Yesterday we went to visit friends who had moved back to the US after a year abroad. We were going to be driving by the new house’s exit, so we decided to drive by and see how things were going – were they actually moving out?
It was about 3:30 in the afternoon and we were so fucking excited to see when we drove by that there was a moving truck in the driveway, boxes everywhere, people moving shit. HALLELUJAH! We texted our agent in excitement. OMG it looks like they’re actually moving out. Hooray! Things were going to move forward! They were moving! The keys were going to be ours with an empty house this afternoon! We can schedule contractors! (to bid a furnace replacement) We can schedule a locksmith to change the locks! We can schedule cleaners to scrub that baby down!
We were so excited that we powered through our exhaustion of a long day, a non-napping toddler and too short of a napping baby and did touch up painting, some packing and sprucing up. Hooray!
So, imagine my depression when I got a text from our agent while watching the Oscars that read: LA [listing agent] left message. House and garage not completely empty. Extenuating circumstances. Have asked for time frame.
OH MY FUCKING GOD!
That’s basically what I sent back to her. Only it was longer. With more cussing.
If I wasn’t so mad, I would have cried.
I didn’t believe “extenuating circumstances” for a FUCKING SECOND. And that’s what you get for being the boy who cried wolf. This whole time there have been excuses after excuses. I’m sorry, the extenuating circumstances are that you did NO packing before and you needed to move an entire house (with all your stuff everywhere because they have A LOT of stuff) in one day. It’s just not possible.
I have gotten to the point where I don’t feel bad anymore. I had been feeling guilty. I had been feeling awful for being so mad. I understand they are in a short sale. I know that sucks. I know it must feel awful selling a house when you’re underwater. But it’s also frustrating because here we are trying to comply with everything along the way. We’ve been really nice and dealt with all the headache along the way. We’ve been understanding. We’ve followed all the rules. And at some point you have to throw us a bit of a bone and just hold up this little end of the bargain. Please.

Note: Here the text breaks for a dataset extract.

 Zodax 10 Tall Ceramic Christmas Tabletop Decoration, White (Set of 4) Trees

Our agent said that “technically” they have until 5pm today. That’s the official close of escrow. So I replied to her that that’s when they have until. Tomorrow we have contractors coming in to do estimates. Locks are being changed. It’s been 3 months. It’s close of escrow. It’s time.

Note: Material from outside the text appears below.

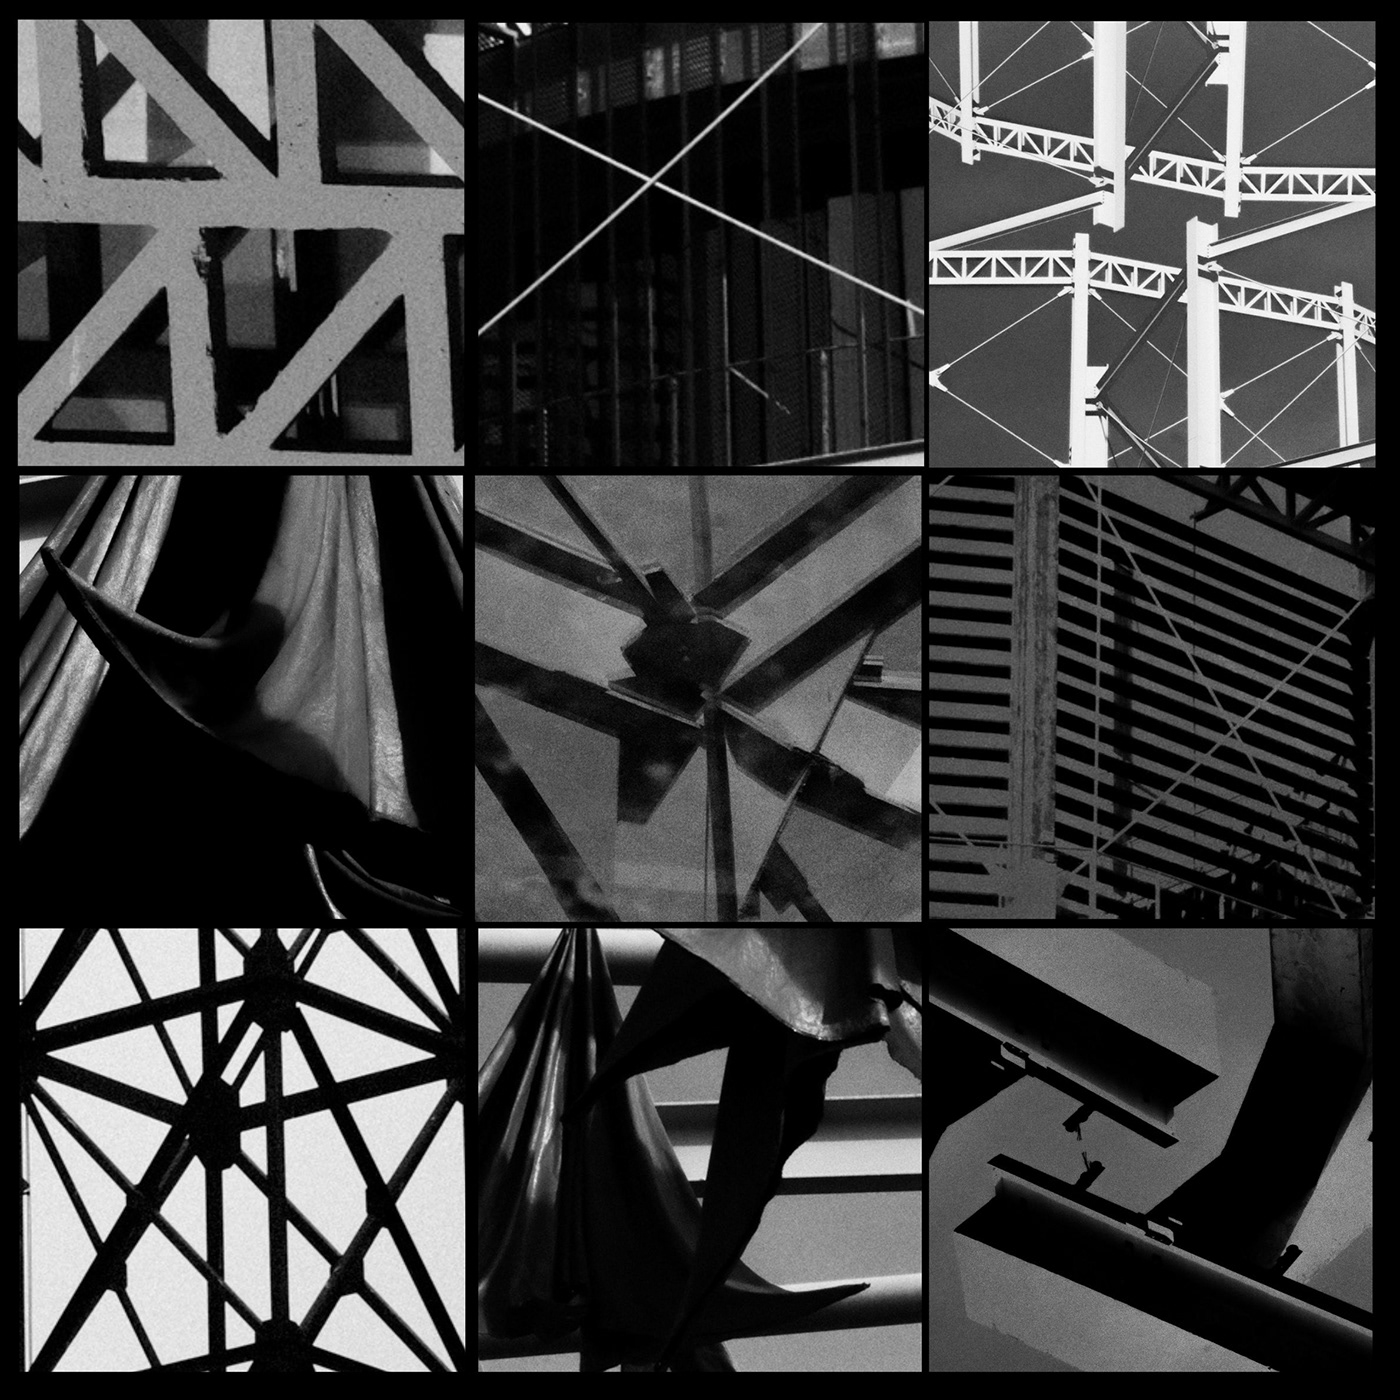 black and white collage collage art Photography  architecture architectural photography buildings city Urban street photography

We’ll see what happens later today. We’ll see at what time they get all their stuff out. We’ll see if when we get the keys and have the locks changed if there’s a bunch of stuff inside. At this point if they just left all the stuff they don’t want, I would’t care if we had to pay for a dumpster. I just want to be able to have it be our house. Sigh.
So there you have it. Extenuating circumstances. I’m sorry if I sound like an ungrateful, spoiled, asshole. I know to some people it must sound like I am. And I understand that feeling. It’s just hard to have to deal with this. We’ve been looking for our dream house for a year and a half. We’ve put offers on two other houses we’ve loved and lost out. This time, we found it, and we won. We love it. I’ve had dreams about it. I’ve planned where we’ll eat dinner. Where play areas will be in the backyard. The adventures we’ll have on the property. The adventures we’ll have in the neighborhood. Where I can go on morning runs. How we’ll update all the rooms. I’ve been dreaming. And that dream is SO CLOSE. It’s just hard to have the reality of touching it being teased. Fuck.